__Exercise details__. Images are to be excluded from the copy, and the records below reproduced word for word.

═════ Source data

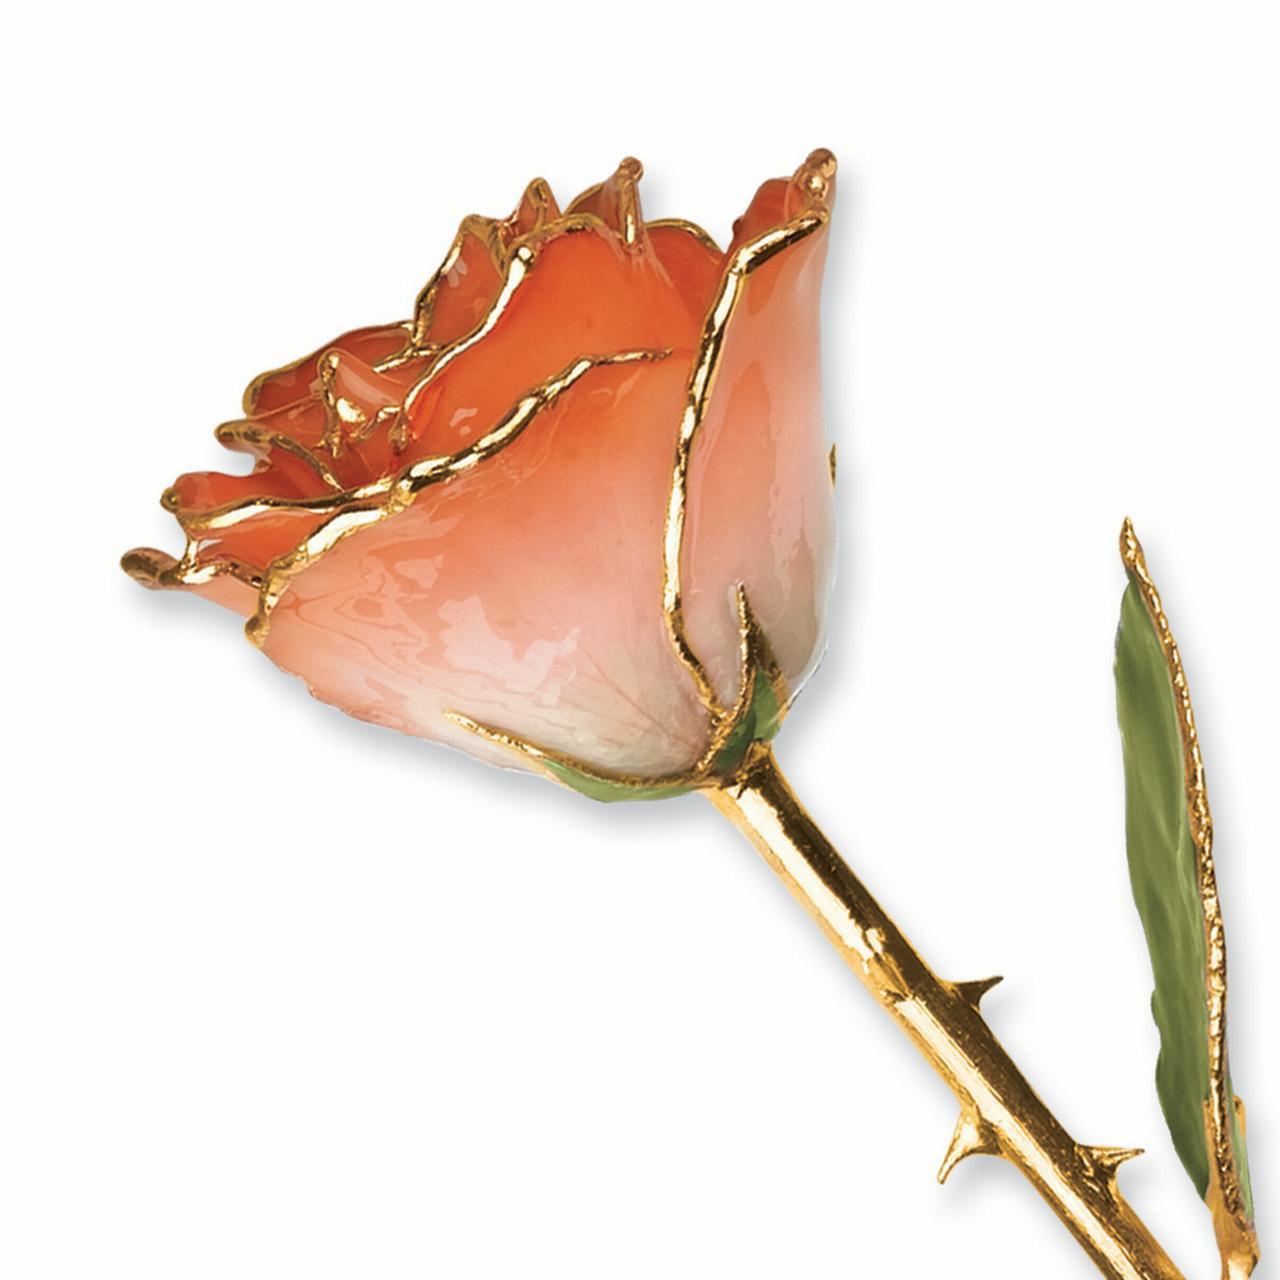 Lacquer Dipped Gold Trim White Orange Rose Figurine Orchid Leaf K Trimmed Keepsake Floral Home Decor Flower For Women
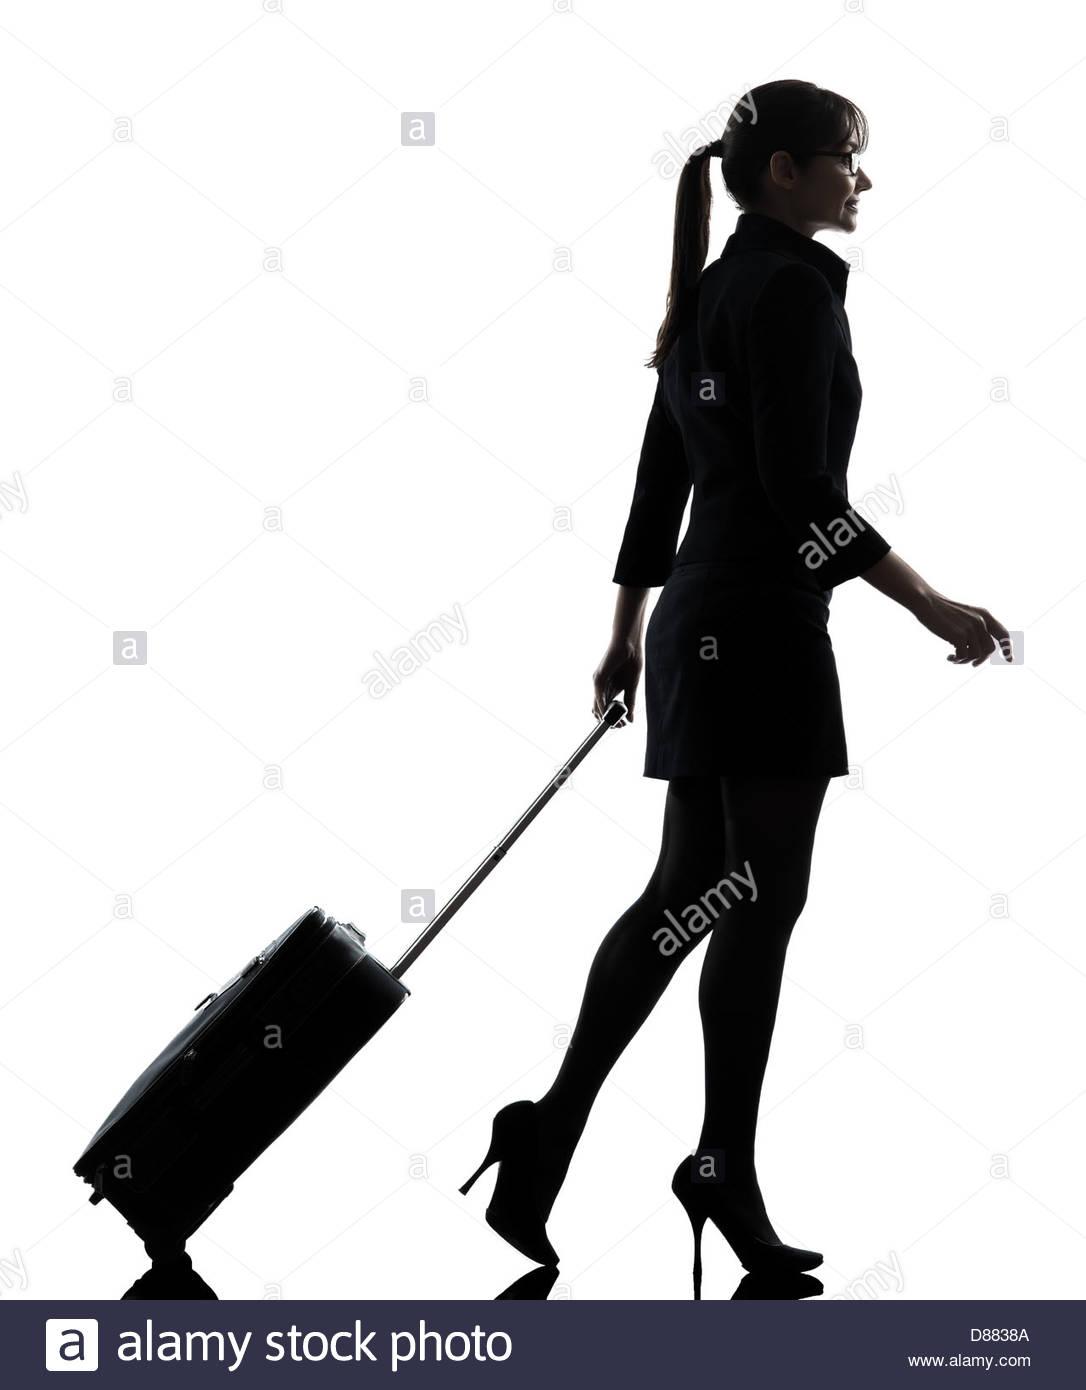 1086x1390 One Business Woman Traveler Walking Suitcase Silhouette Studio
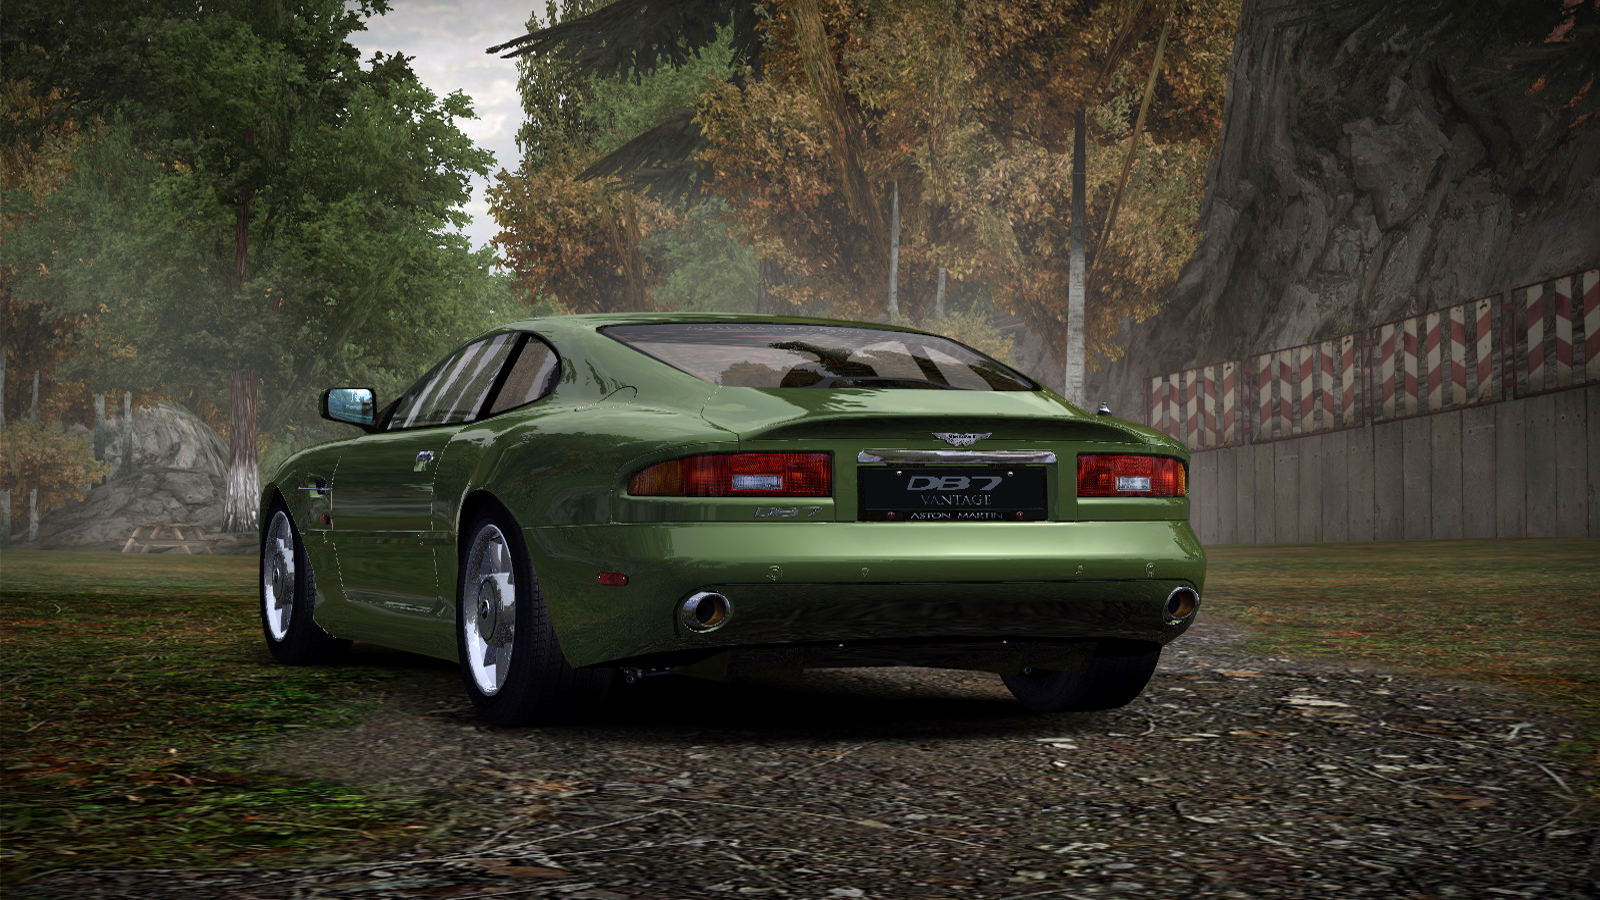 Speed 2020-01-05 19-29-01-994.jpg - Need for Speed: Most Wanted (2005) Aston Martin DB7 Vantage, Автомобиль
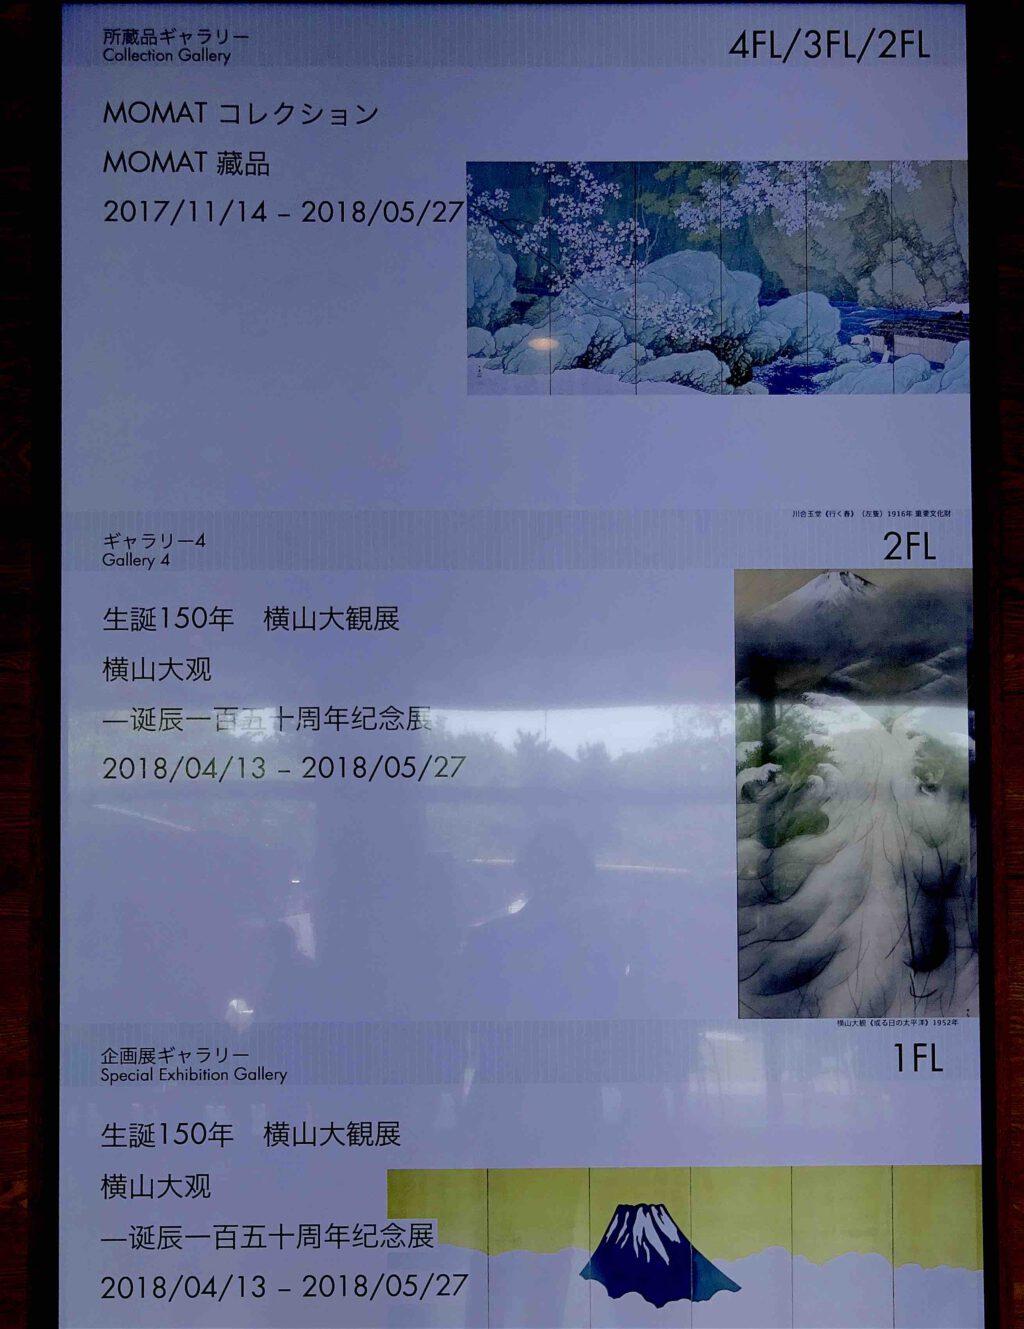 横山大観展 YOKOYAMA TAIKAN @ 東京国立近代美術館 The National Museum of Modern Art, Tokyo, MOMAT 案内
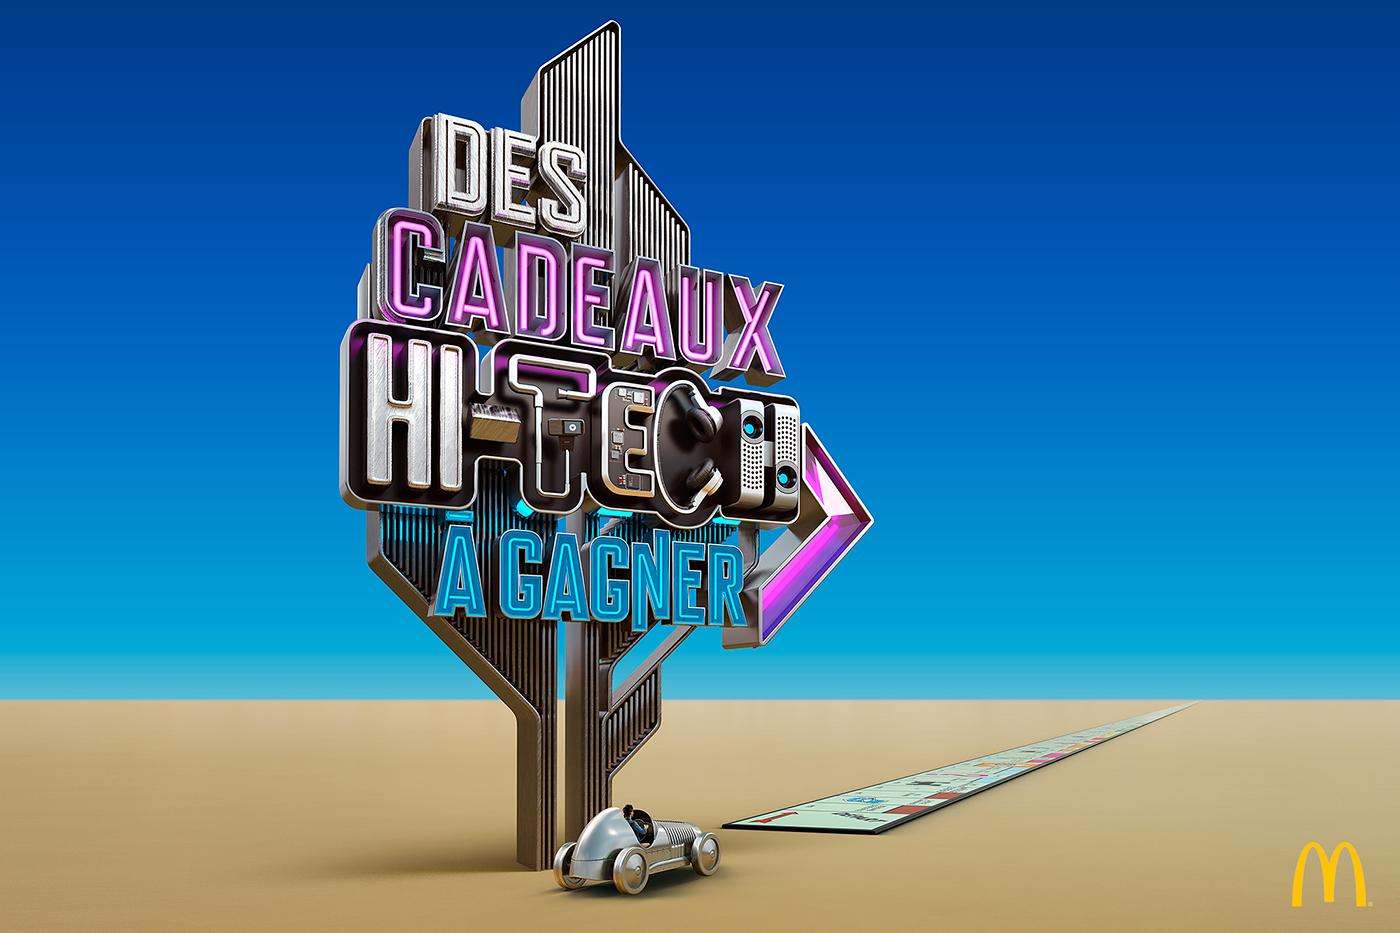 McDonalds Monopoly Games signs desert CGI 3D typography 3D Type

══════════

__Solution for this task__.
 Lacquer Dipped Gold Trim White Orange Rose Figurine Orchid Leaf K Trimmed Keepsake Floral Home Decor Flower For Women
 1086x1390 One Business Woman Traveler Walking Suitcase Silhouette Studio
 Speed 2020-01-05 19-29-01-994.jpg - Need for Speed: Most Wanted (2005) Aston Martin DB7 Vantage, Автомобиль
 横山大観展 YOKOYAMA TAIKAN @ 東京国立近代美術館 The National Museum of Modern Art, Tokyo, MOMAT 案内
 McDonalds Monopoly Games signs desert CGI 3D typography 3D Type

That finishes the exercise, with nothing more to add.